Within a short period of time, Thomas Williams was elected to several important positions in the town. As well as continuing to serve in the same positions of authority that he had occupied in Aberdare, he was elected Chairman of the Merthyr Building Society and Vice-Chairman of the School Board and was elected Justice of the Peace in 1874. Through all of this Thomas Williams remained a staunch member of Zoar and became secretary of the chapel and a Sunday School teacher there and was a life-long supporter of the temperance movement. In 1872 he was instrumental in the formation of the Welsh Congregational Union, and was appointed treasurer at its commencement.
Throughout his life, Thomas Williams was a great philanthropist and many organisations benefitted from his generosity, indeed his last public engagement was at meeting to discuss the building of a new English Congregational Chapel in Penydarren, where he arranged the lease of for a plot of land for the new chapel at a nominal rent, and he made a gift in trust towards the building of the chapel. Within two months of this meeting however, Thomas Williams died on 9 July 1903. His funeral on Monday 13 July was one of the largest Merthyr had seen, with ministers and representatives from every church and chapel in the town, and indeed from all over Wales, as well as dignitaries from Merthyr and the whole of Wales.

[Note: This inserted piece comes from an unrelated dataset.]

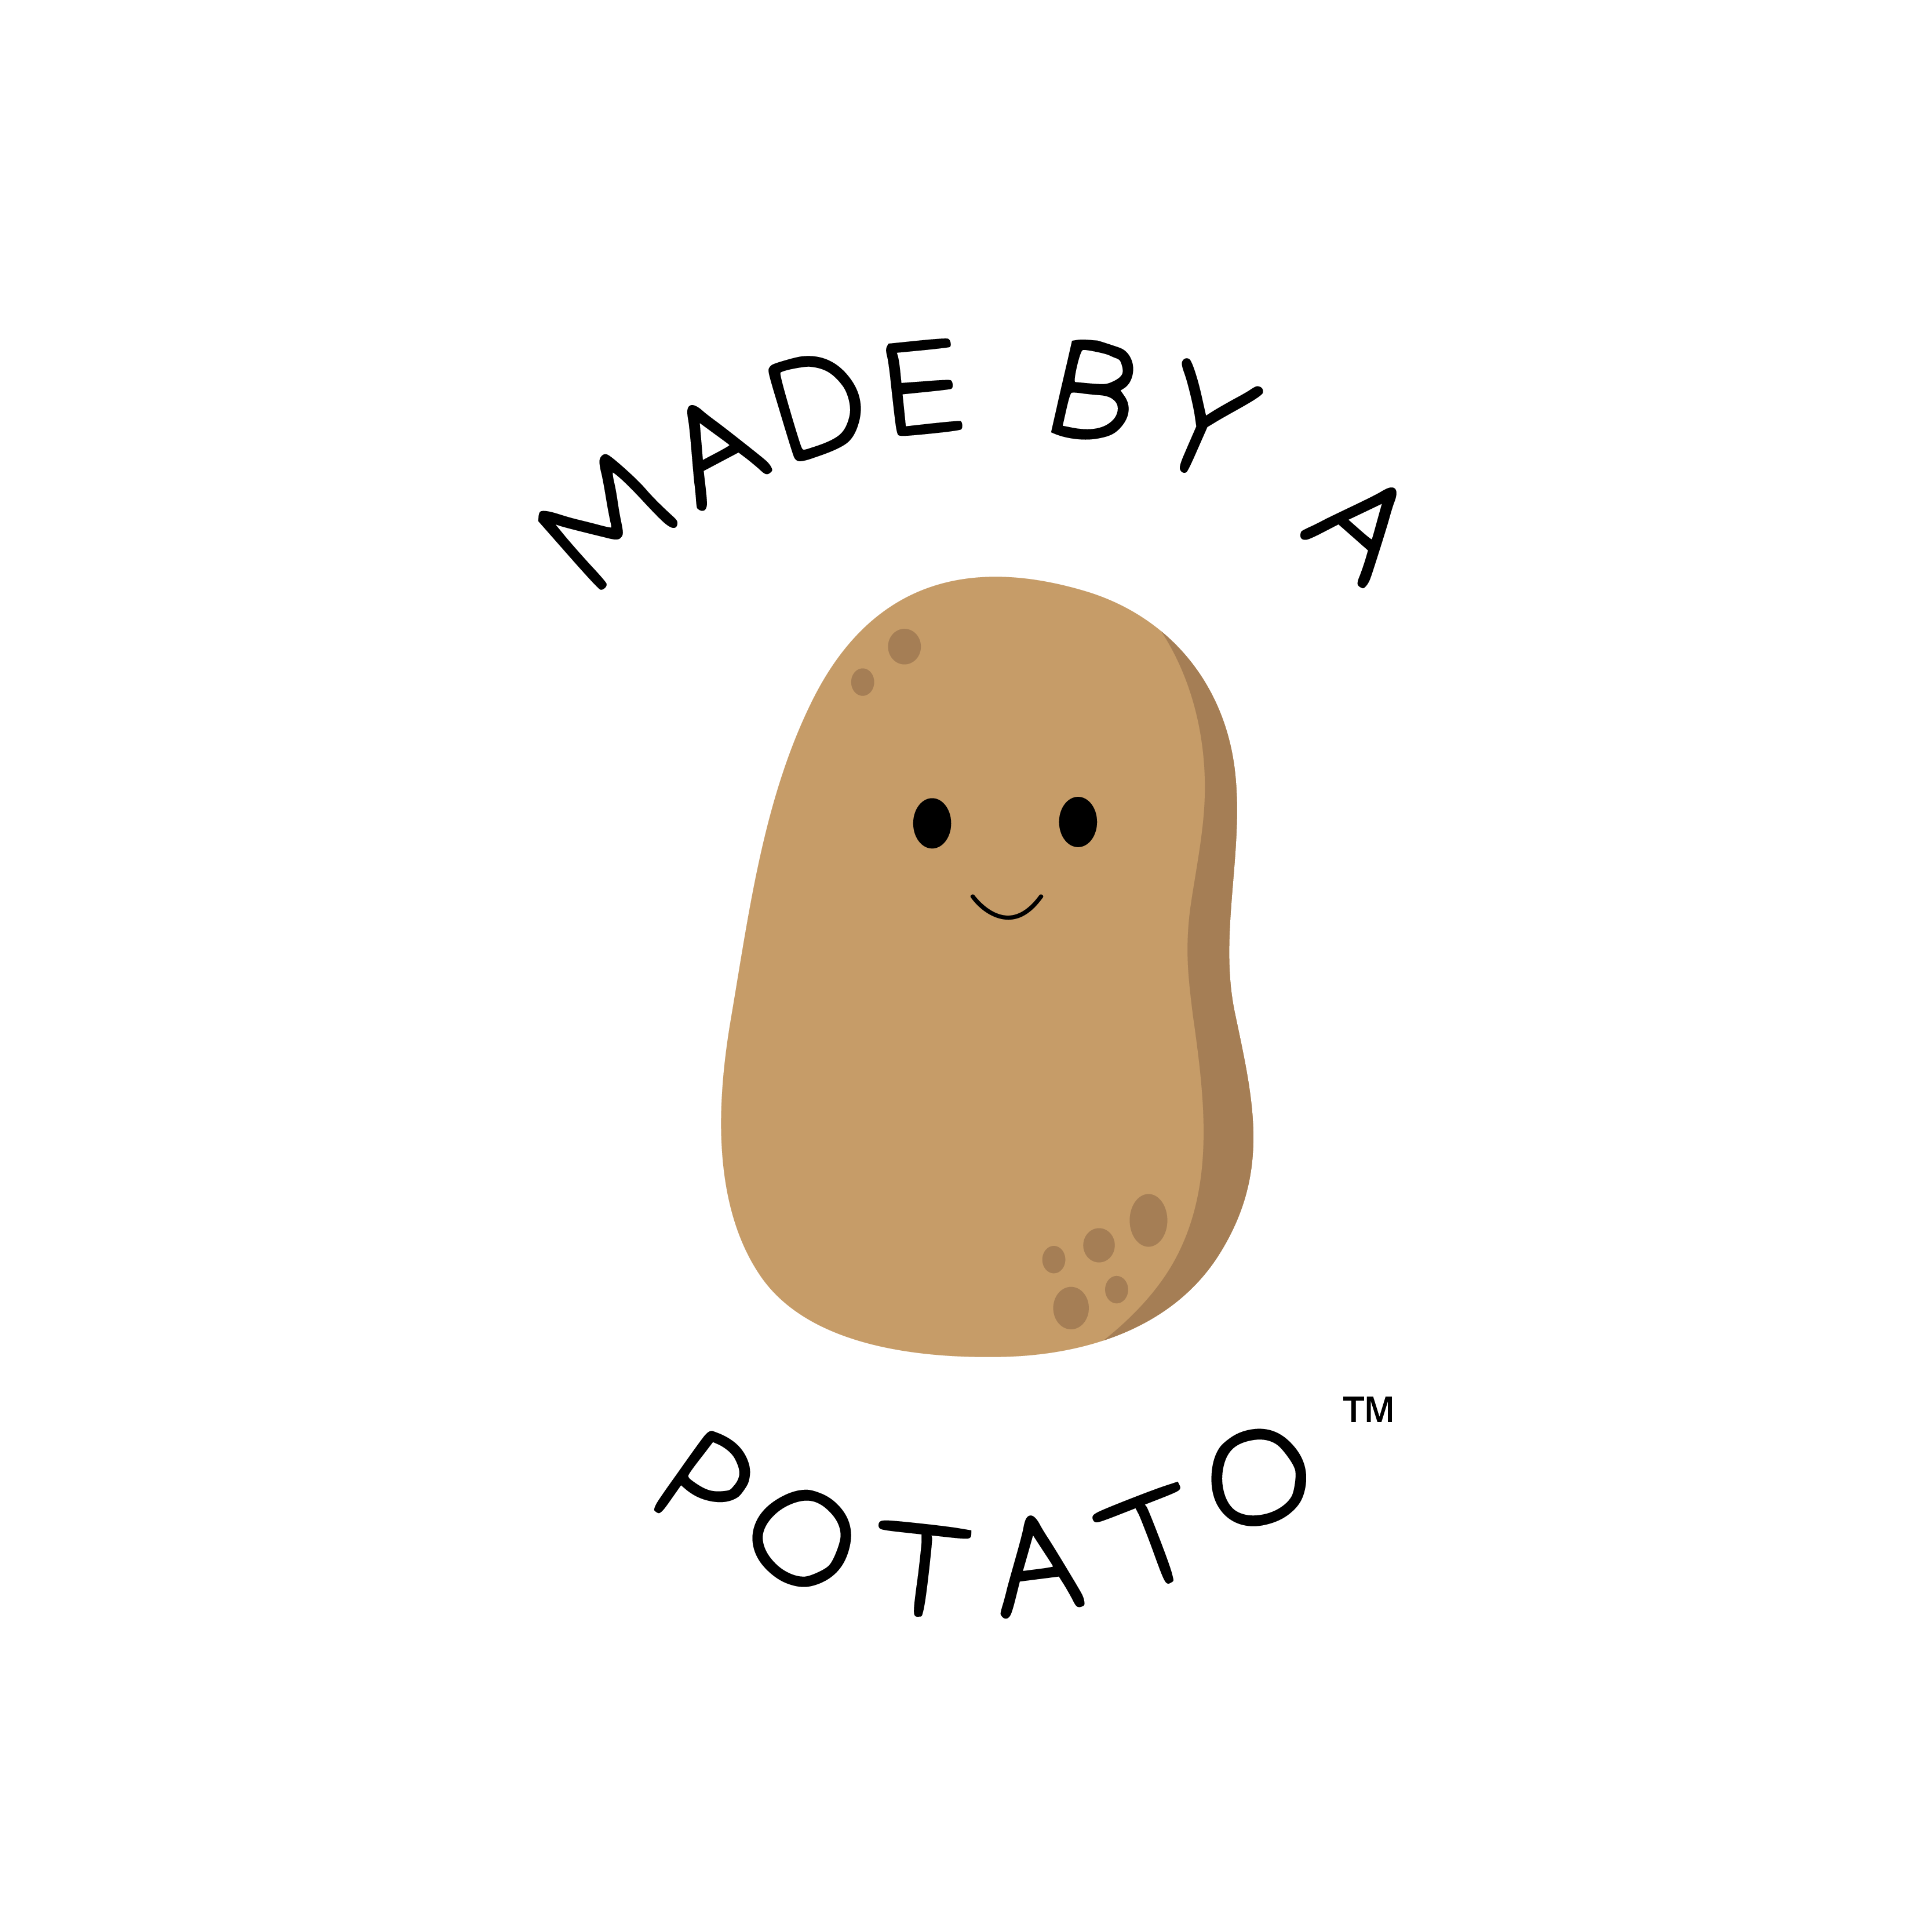 Birthday – Made by a Potato
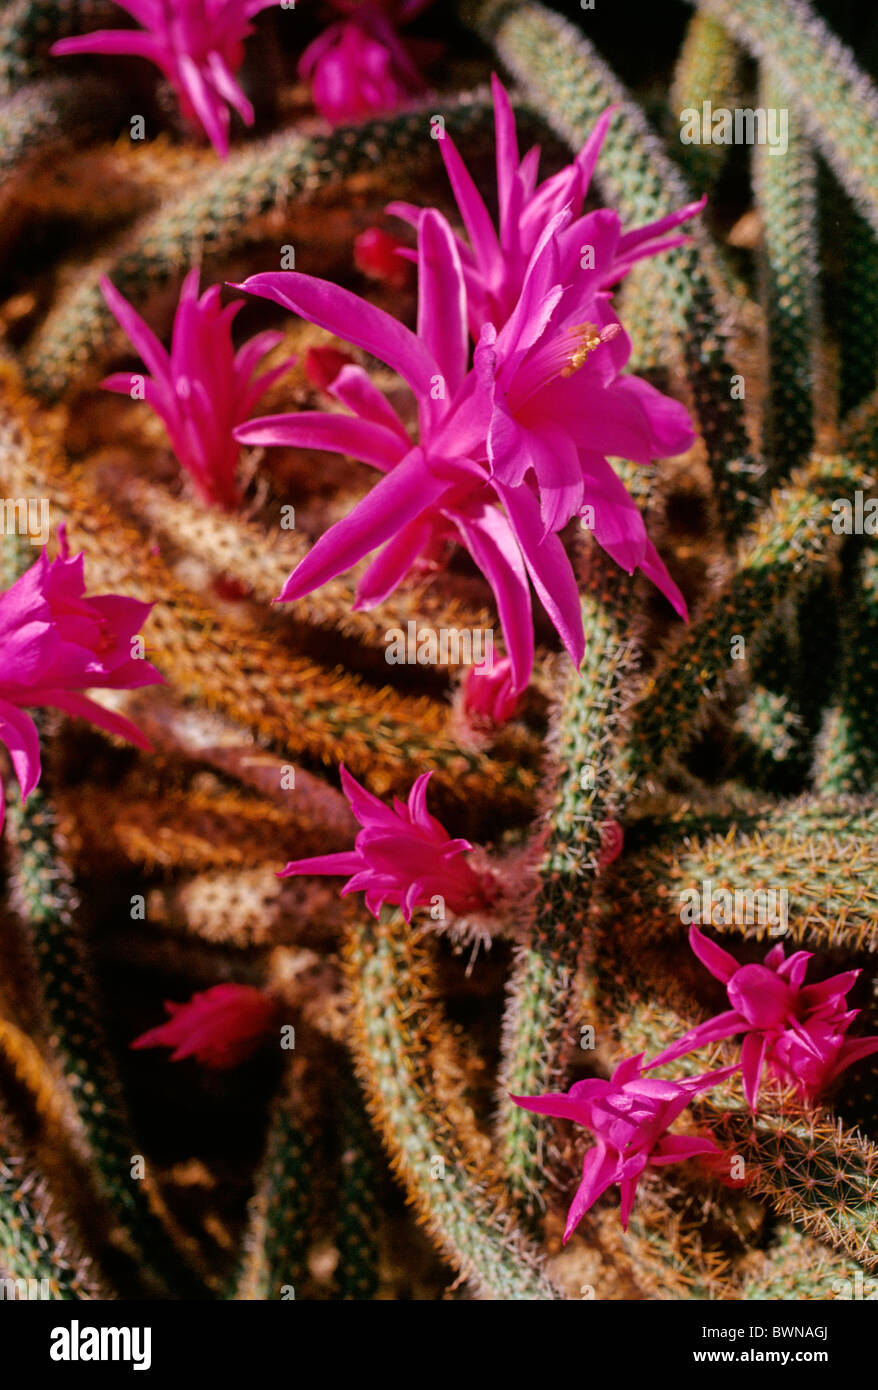 Aporocactus Flagelliformis Rattail Cactus Cactaceae Disocactus flagelliformis cacti flowering flower flowers p Stock Photo

In his will, Thomas Williams made a number of bequests to the Trustees of Zoar Chapel:-
“a) £500 for investment, and annual income thereof to be applied in defraying the cost of such Lectures on theological, social, temperance, travel (including Mission work) abroad, and such like subjects as the minister and deacons of Zoar Chapel shall think of interest and benefit; b) £700 for investment in aid of the support of the ministry of such chapel; c) £150 for investment, the income to be applied towards the support of the Sunday School of such chapel; d) £150 for investment, the income to be applied towards the support and assistance of such poor and deserving persons, members of Zoar Chapel, as the minister and deacons of such chapel shall from time to time in their absolute discretion deem worthy of aid; e) £150 towards the fund for building a schoolroom in connection with such chapel.”
Thomas Williams’ legacy was felt throughout Merthyr for many years. The English Congregational Chapel in Penydarren was finally completed in 1906 and was named Williams Memorial Chapel in honour of him.
The Thomas Williams Memorial Lectures became an institution in the town until the 1980’s; Twynyrodyn Sunday School was built due to the bequest and Zoar Chapel itself managed to keep functioning as a place of worship for many years despite the dwindling congregation due to Thomas Williams, legacy.